Finding a captivating new mystery series is such a thrill — which is why I was so delighted to discover of A Spark of Death, the first novel in a new series by my fellow Poisoned Pen author Bernadette Pajer. Set in turn-of-the-twentieth-century Seattle, A Spark of Death features an appealing protagonist, Dr. Benjamin Bradshaw, an engineering professor accused of murdering his pompous colleague in a electrified metal contraption (think Dr. Frankenstein’s lab crossed with a birdcage).
Full disclosure: I'm married to an engineer. I find wire and metal contraptions that could kill people in my garage all the time. So I readily identified with this set-up, and with this protagonist. And I found both fascinating.
This book satisfied on many levels. The mystery was impeccably structured, the setting expertly rendered, and the story irresistibly involving (the science was cool too, especially the details of what was then the cutting edge potential of electric current). It’s the main character who had me hooked, however — I enjoyed every minute I spent with Professor Bradshaw. He's smart and funny and achingly likable, a man of reason tending a broken heart and a tragic past. I enjoyed watching him come into his sleuthiness, finding a spark of life from an unforeseen tragedy as he applied logic, science, and an empathetic decency in his search for a killer. The secondary characters made a fine suspect pool, but more importantly, they provided the context of Bradshaw's life, adding emotional texture to his existence. Scenes from his family life, from his professional life, and from his increasingly dangerous investigative life wove an intricate tapestry of emotional yearning and intellectual curiosity, with the Professor at the center.

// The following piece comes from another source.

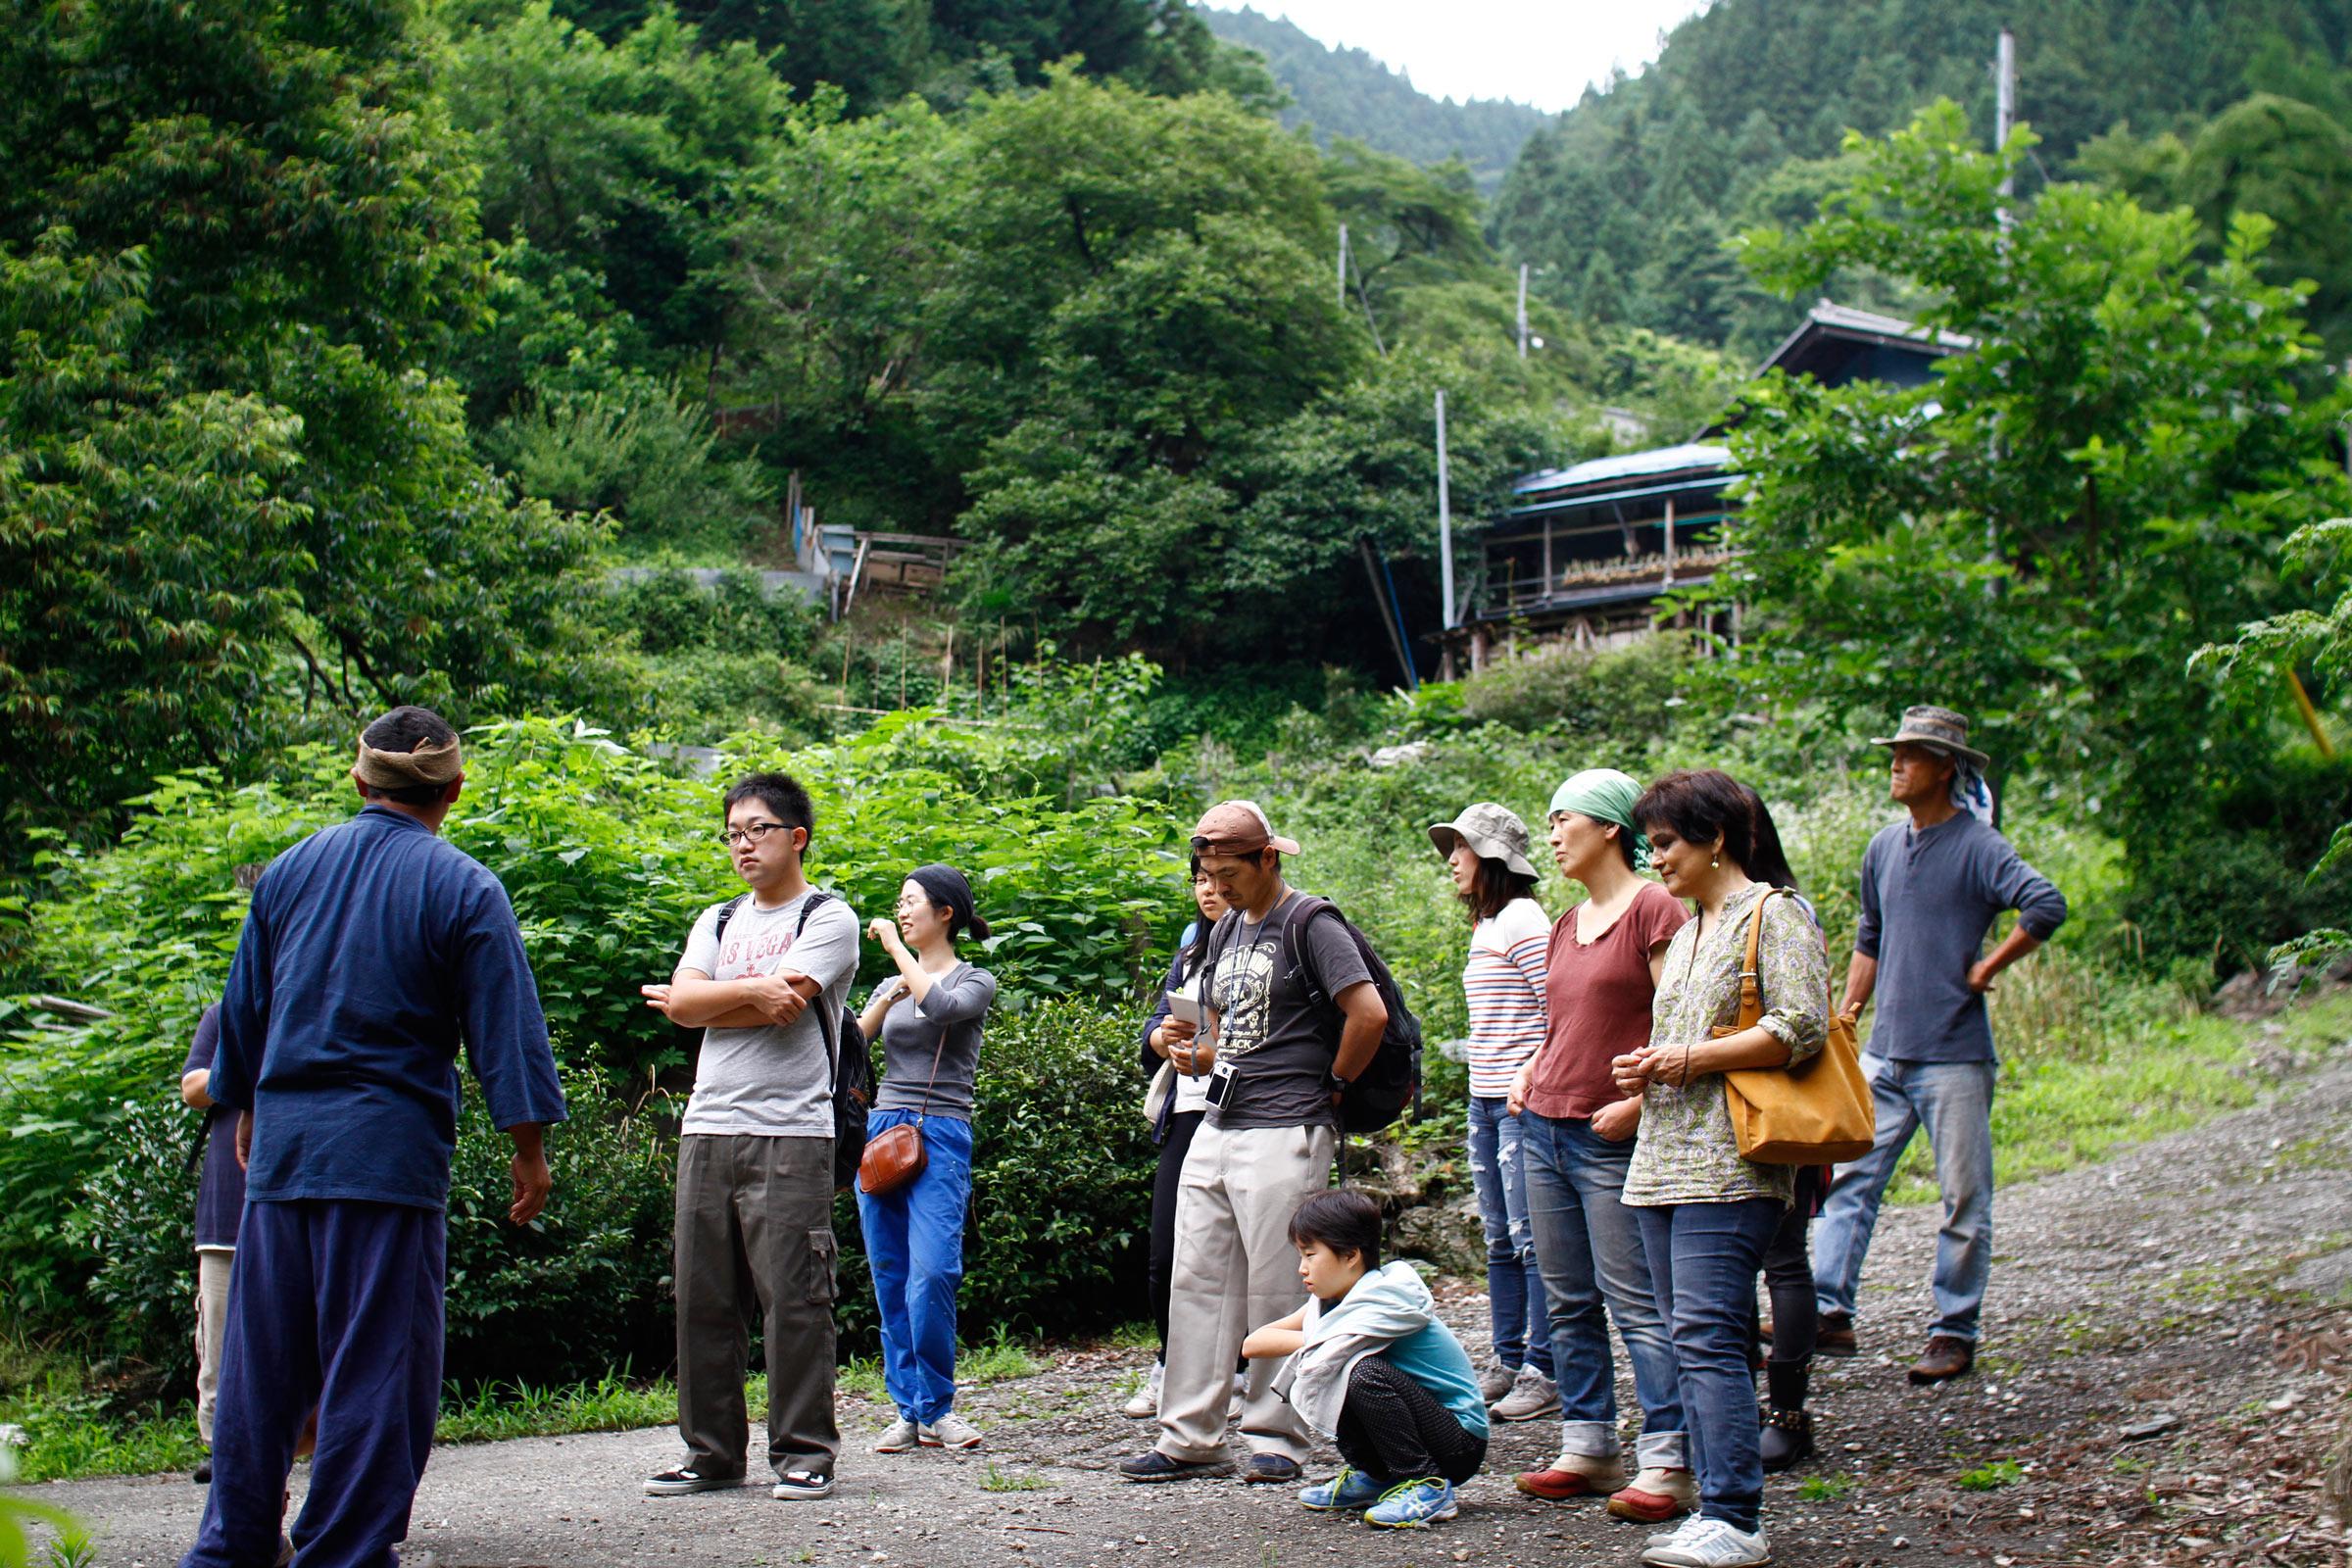 Art-Residency-Workshop-Japan-Nature-02

I enjoyed every minute I spent in this book. It's an excellent beginning to what is sure to be a top-notch series, and I can't wait until Professor Bradshaw gets his next chance to practice electrical forensics.
Recommended beverage: a nice milk punch, or perhaps some sherry served in your grandmother's cut crystal cordial glasses. Something smooth and pleasant that will nonetheless leave you with a hearty glow. Sip it slow.